• **TASK REQUIREMENTS**: Among the lines below, keep only those from the one containing "Normal Saline 09" through the one containing "Огромный плаг Titanmen", and reproduce them exactly.

• **WORKING DATA**:
··········

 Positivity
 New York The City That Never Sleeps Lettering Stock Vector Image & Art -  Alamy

··········

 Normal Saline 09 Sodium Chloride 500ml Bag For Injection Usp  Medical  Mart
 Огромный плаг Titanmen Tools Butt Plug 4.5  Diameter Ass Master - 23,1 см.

··········

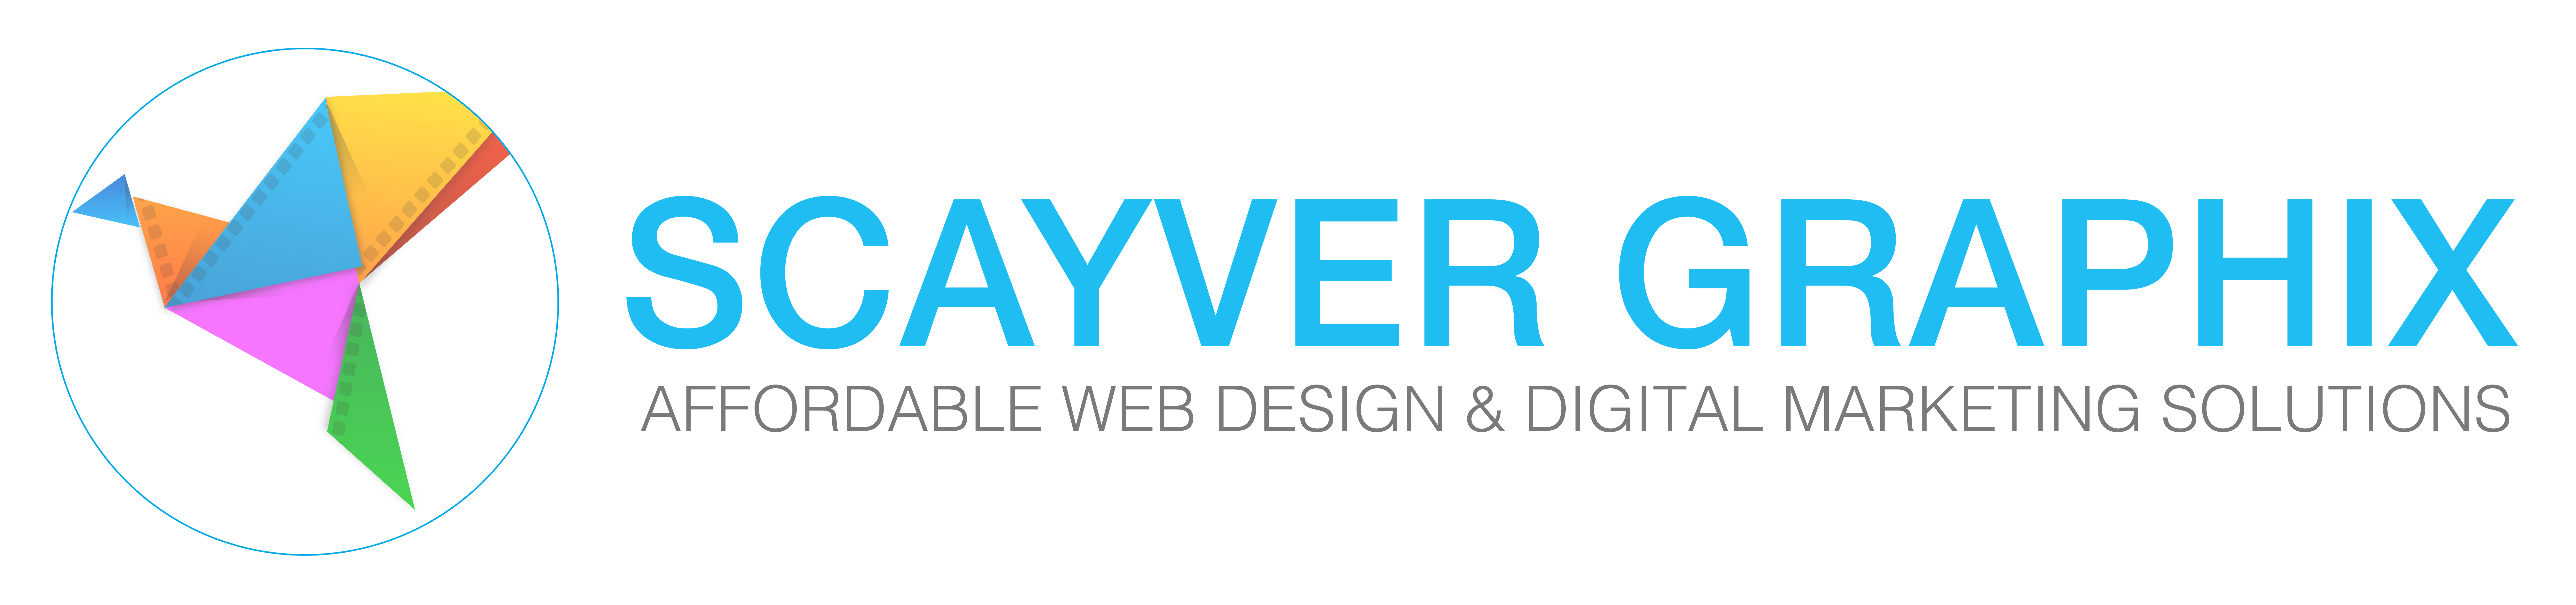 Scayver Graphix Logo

··········

• **TASK OUTPUT**:
 Normal Saline 09 Sodium Chloride 500ml Bag For Injection Usp  Medical  Mart
 Огромный плаг Titanmen Tools Butt Plug 4.5  Diameter Ass Master - 23,1 см.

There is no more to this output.